“I don’t know anymore, Marie,” he said. “I used to think he had done it as a test. A test of my fidelity to him.”
“But now?”
“Now so much has happened. I’m not sure of anything anymore.”
I leaned my head against the back wall of the confessional. I was sleepy, suddenly.
“I’m a coward, Marie,” he whispered.
“Why, mon cher? Why say such a thing?”
“It’s true. I have always been a coward. Unable to face my fears.”
“What are you talking about? What fears?”
“My fears of oblivion, Marie. My fear, my deepest fear, that all I do is in vain. That God does not hear me, that he has turned away from me. That I—we, all of us—are lost.”
I waited, unsure how to respond. After a moment, I left my compartment and pulled the door of his open with a click. He sat on the narrow bench, his shoulders squeezed against either wall.
“You mustn’t say that, Bérenger. You are not lost. God is with you.”
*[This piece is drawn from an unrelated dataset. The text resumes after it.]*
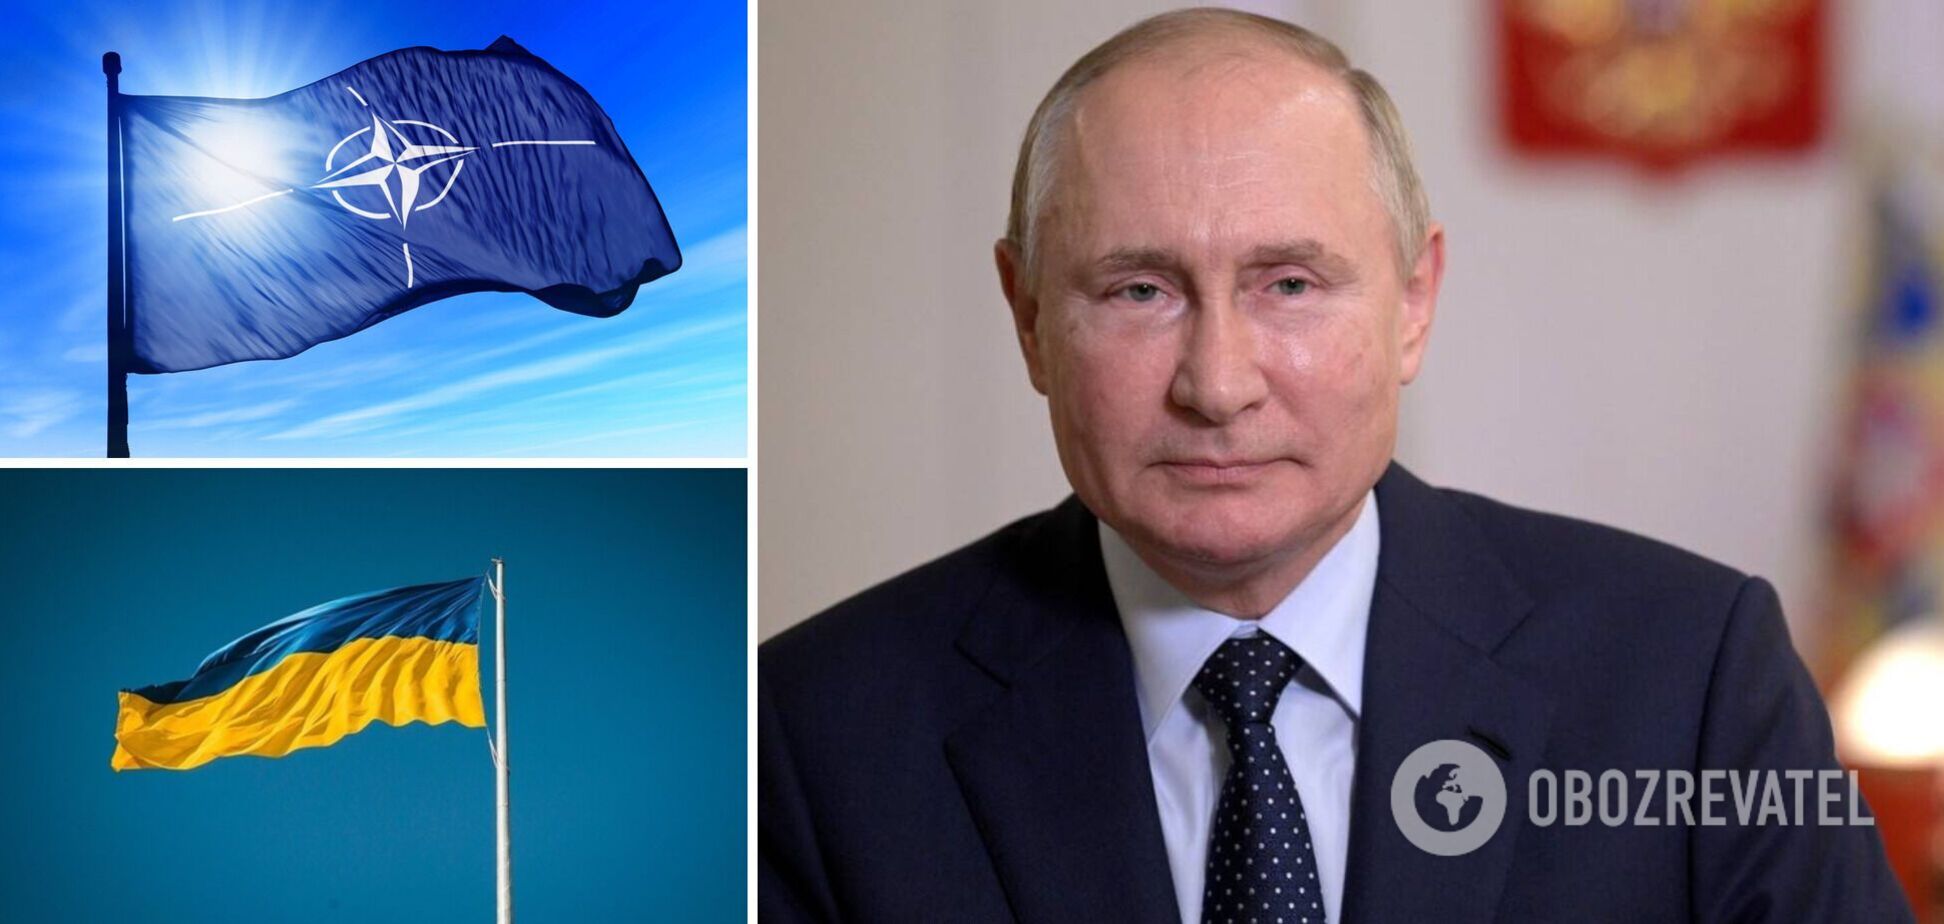 Пєсков: Путін готовий вести переговори щодо України та 'гарантій безпеки'

“Ah, Marie. I am not so sure.”
He squeezed out of the confessional, past me, and began to walk slowly, mechanically, up the length of the nave. When he reached the steps that led to the altar, he knelt there and bowed his head. The candlelight pooled around him and over him, lighting the back of his head and the narrow band of skin between his hairline and his collar. His hunching shoulders, the thickness of his waist, the small spot of baldness at his crown: he had aged since Michelle and I had spent our afternoons in the meadow rhapsodizing over him. He was so much of a man then, but temptation had weakened him. I had weakened him.
When he had finished his prayer, he came to stand in front of me. I could see the whiskers at his throat like a field of razed wheat stubble. His smell rushed over me—that delicious peppery scent, tinged with incense—and I felt so tempted to cling to him, to nestle my face in his chest and feel him embrace me, that I had to step backward and fill my nostrils once more with the stale air of the church.
“I don’t know what God wants from me, Marie,” he said. His eyes darted from me to the wall to the door, as if he was afraid someone might be watching. “I pray to him but he doesn’t answer.”
“What do you want from him?” I asked.
He barked a wounded laugh. “What do I want from God? I want order. I want peace. I want him to communicate with me, to let me know that I’m doing his will, that I’m in the right. Not once in my life, not once has he deigned to grant me even a moment of his presence. Me, a priest! Not once, Marie.” He kicked one of the pews, causing it to scrape against the floor. “What have I done?” he yelled to the ceiling. “How have I offended you?”
His voice echoed against the sanctuary walls. In the silence that followed, he slid into the pew he had kicked, slumping against it. He continued, his voice quieter, resigned. “I entered the priesthood because I thought it would guarantee me a place in heaven. There would be rules to follow, a path to walk—and if I could only keep my feet on the path, I would come out all right. I have tried, Marie—God knows I have tried to honor him. There was a time when I thought I knew what he wanted. Church doctrine told me his mind. The words of the Bible informed me, indisputably, what he desired of me. The example of Jesus’ life …” He trailed off.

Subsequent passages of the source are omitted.